Первый класс школы мне запомнился деревянными партами с откидывающимися столешницей и сиденьями. Сверху парта была покрыта белой эмалью и по пятницам после уроков мы чистили свои парты стерками от чернильных клякс и других надписей. Через месяц учебы нам стали выставлять оценки и было введено правило: получил пятерку – приклеиваешь на портфель красный кружочек; соответственно: четверка – синий, тройка – желтый, двойка – белый. Поначалу, некоторым (это не я) неудобно было ходить с тремя желтыми и двумя белыми кружочками. Но потом это нововведение из-за постоянных жалоб наших девочек отличниц было отменено. Представьте себе, идет девочка отличница, у нее на портфеле два красных кружочка и один синий, а мимо нее пробегает мальчик (это не я), для которого и синий кружочек – большая редкость, не говоря о красном, а у него на портфеле этих красных кружочков чуть ли не в два ряда, как звездочек на самолете истребителе у летчика аса.

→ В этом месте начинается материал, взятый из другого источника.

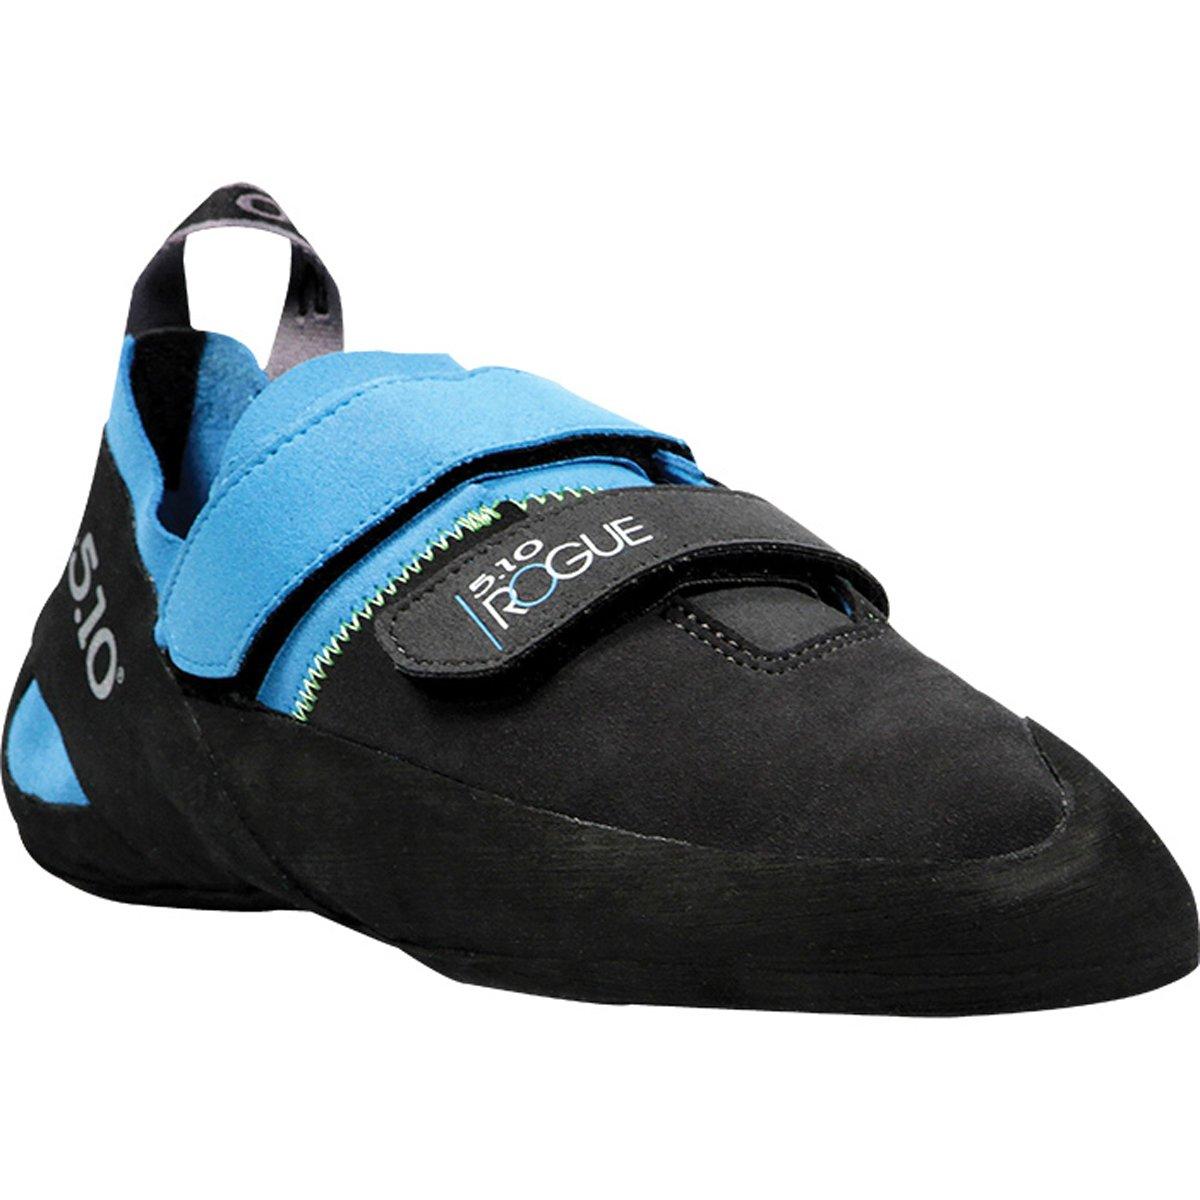 Five Ten Men's Rogue VCS Climbing Shoe,Neon Blue/Charcoal,11.5 M US by Five Ten

Помню, как летом уже после окончания первого класса, только мы с мальчишками на улице разыграемся, а наши родители уже возвращаются из клуба домой, то ли после кино, то ли после танцев. И через некоторое время: «Вова! Быстро домой спать! Уже половина первого ночи!» А на улице светло, как днем, только все люди куда то подевались. Разве можно когда-нибудь забыть такие чудеса, как «белые ночи»?

Еженедельные походы в баню с отцом, были для меня целым событием. Пока мы жили в финском домике, в баню мы ходили «задворками» через маленький деревянный мостик. (в моем фотоальбоме на этом сайте есть его фото). Вода под этим мостом проносилась с большим грохотом, шумом и ревом, разбиваясь и перекатываясь через камни валуны. Зрелище было завораживающим. Интересно, а сейчас так же? На нашем сайте в современных видах Сафоново-1 выложена цветная фотография деревянного мостика без перил. Интересно, кто мне скажет, этот мостик расположен на этом же месте? В бане всегда было много народа. Дожидаться своей очереди для меня было неприятно и утомительно. Вспоминая баню, я всегда вспоминаю парилку. В ней пар поддавали, не плеская воду из ковшика на камни, там камней вообще не было, а открывая вентиль на трубе и оттуда с громким шипением вырывался перегретый пар. А когда пар был недостаточно горяч, то ругали кочегара. Действует ли сейчас эта баня и что от нее осталось? Люди добрые! Сфотографируйте эту баню со всех сторон, пусть даже в руинах.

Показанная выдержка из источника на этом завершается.